* **TASK DIRECTIONS**: Starting at the line with "Guinness World's Largest", return every line through the final one of the data, word for word. Pictures stay out.

* **SUPPLIED INFORMATION**:

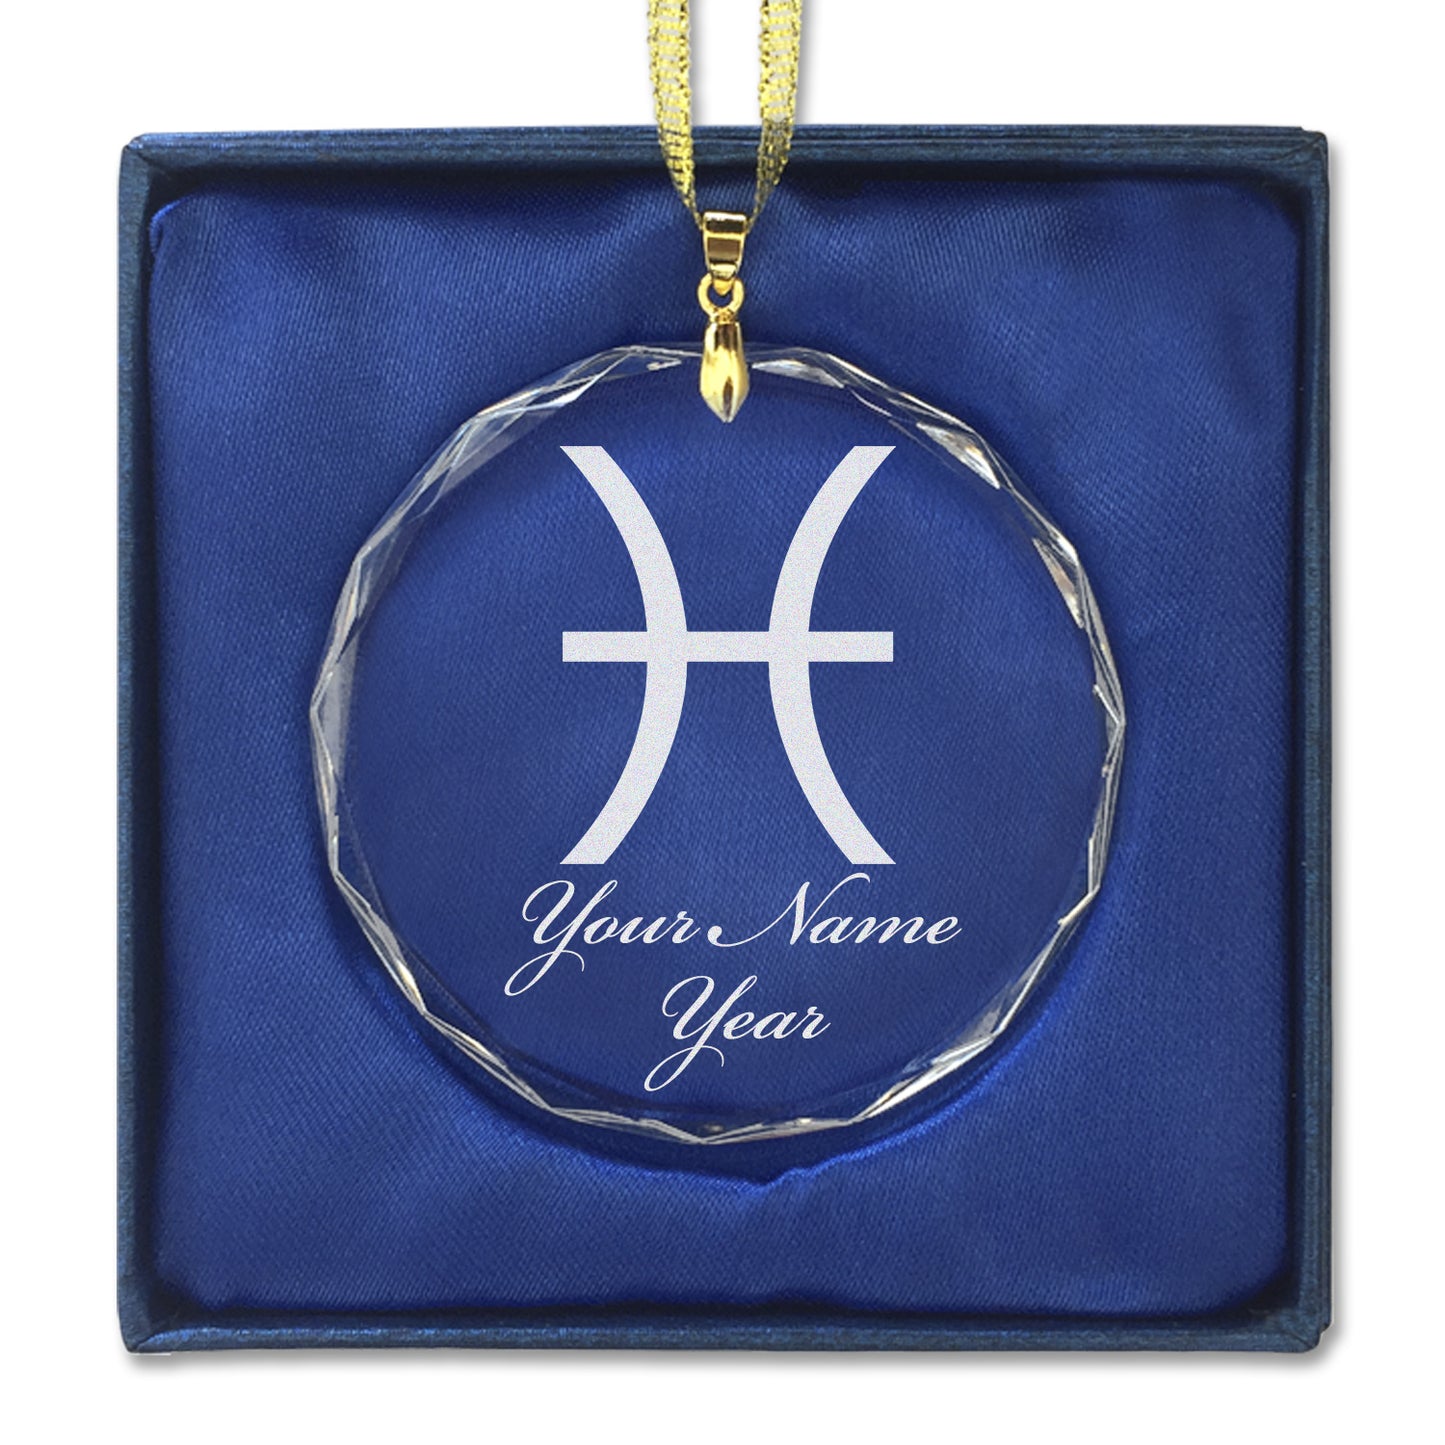 LaserGram Christmas Ornament, Zodiac Sign Pisces, Personalized Engraving Included (Round Shape)
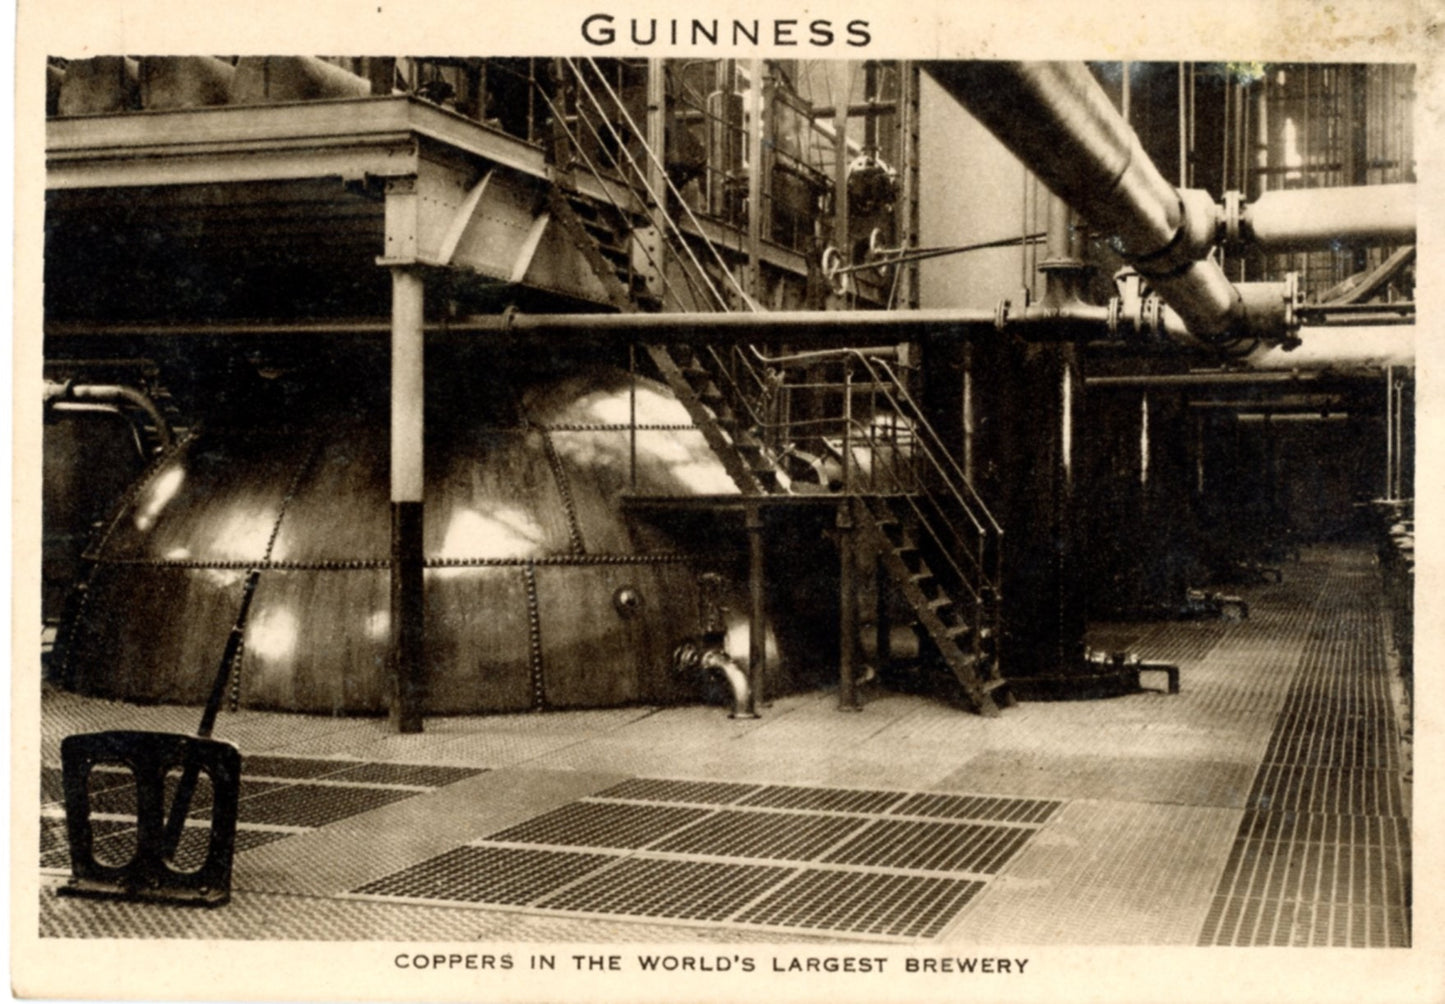 Guinness World's Largest Brewery DUBLIN IRELAND Coppers Vintage Linen Postcard ©1940's
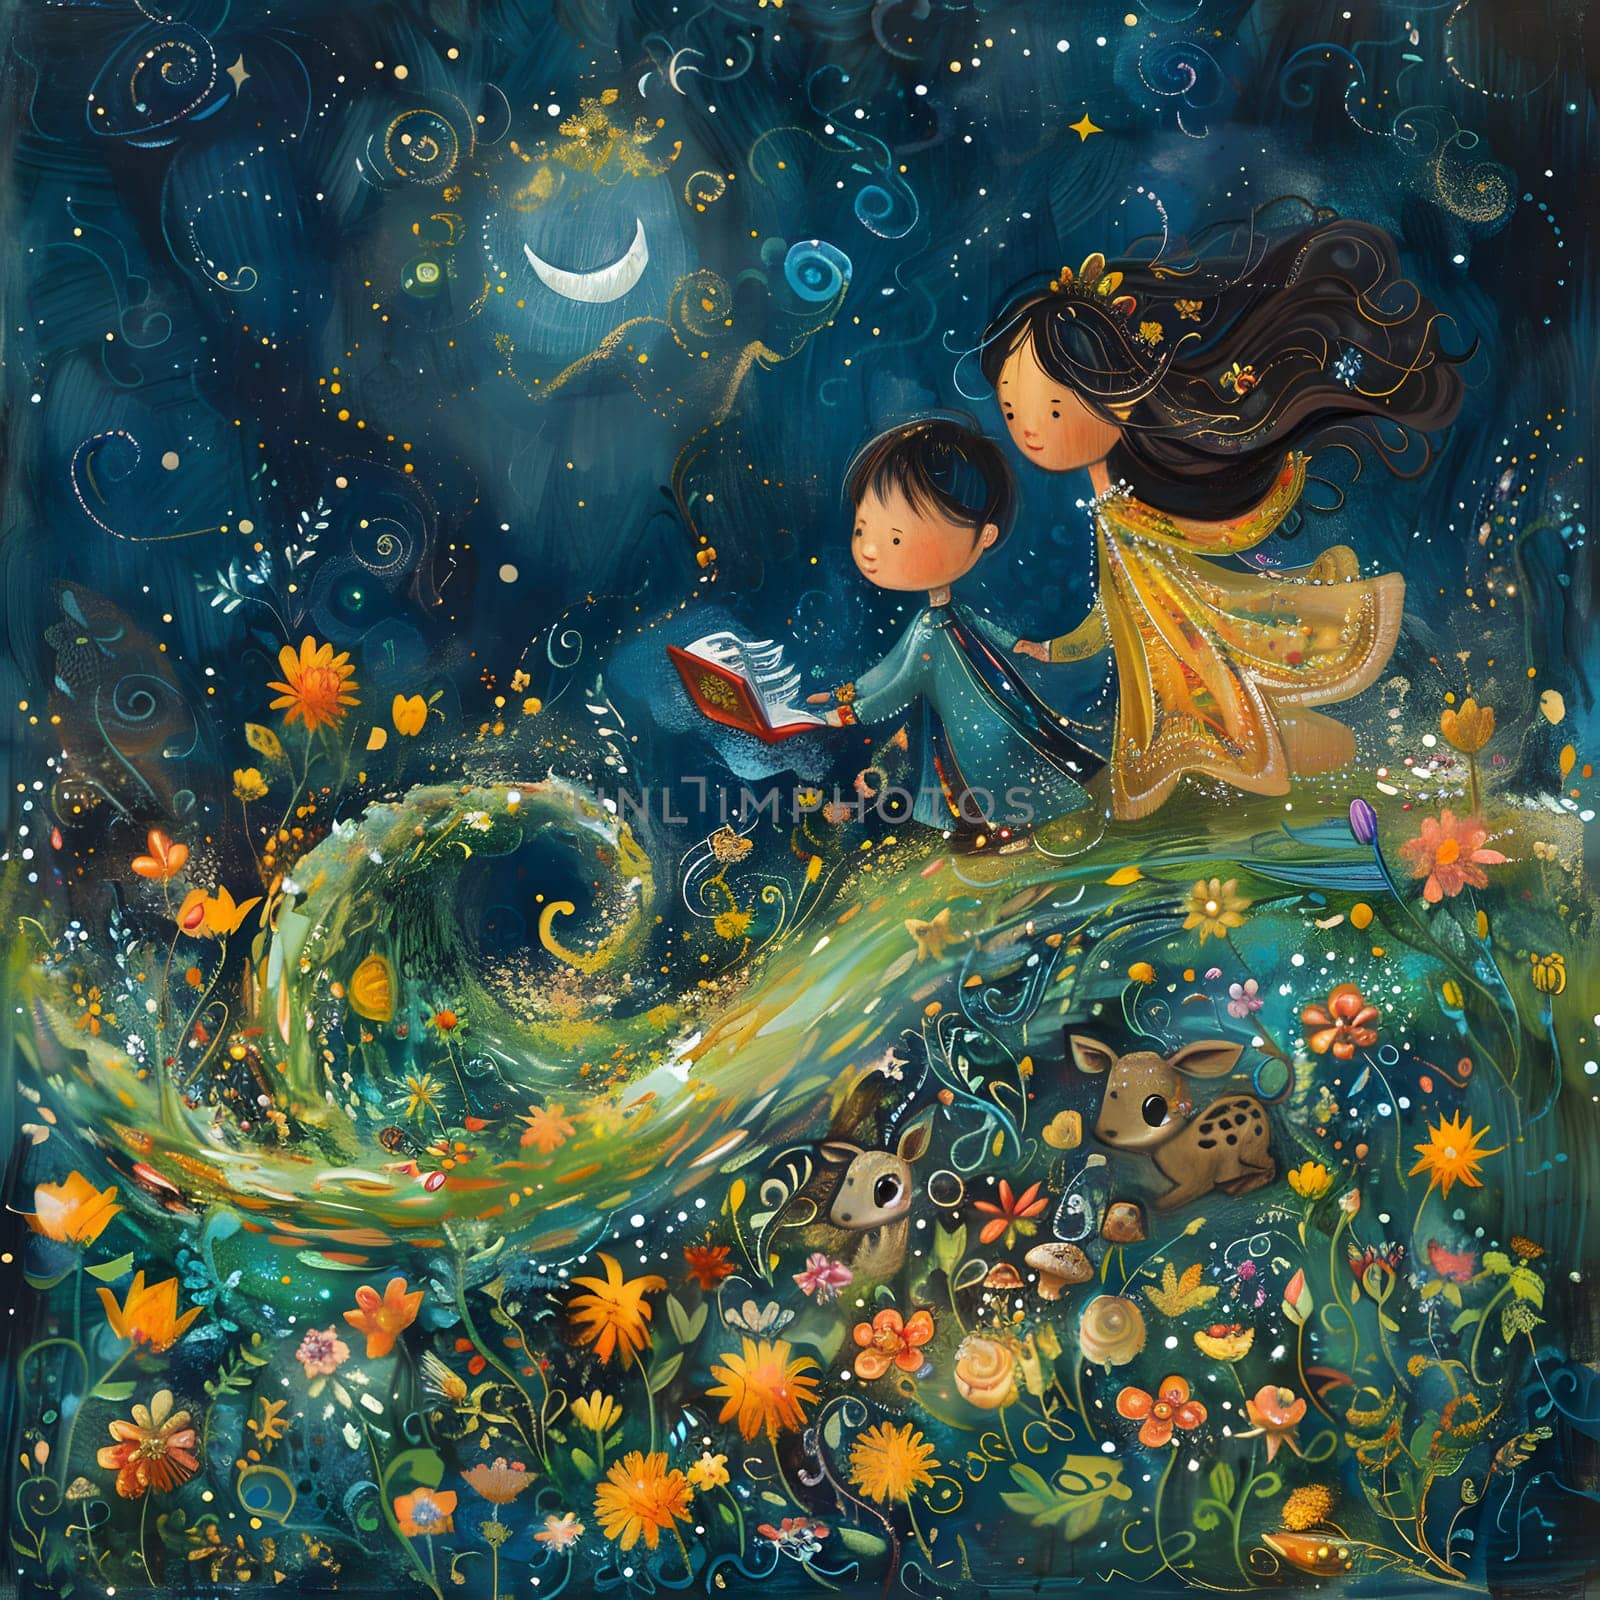 An illustration of a boy and a girl engrossed in a book, captured in a circle painting. The art portrays the beauty of reading together in a celestial space

* **REPLY**:
 Guinness World's Largest Brewery DUBLIN IRELAND Coppers Vintage Linen Postcard ©1940's
 An illustration of a boy and a girl engrossed in a book, captured in a circle painting. The art portrays the beauty of reading together in a celestial space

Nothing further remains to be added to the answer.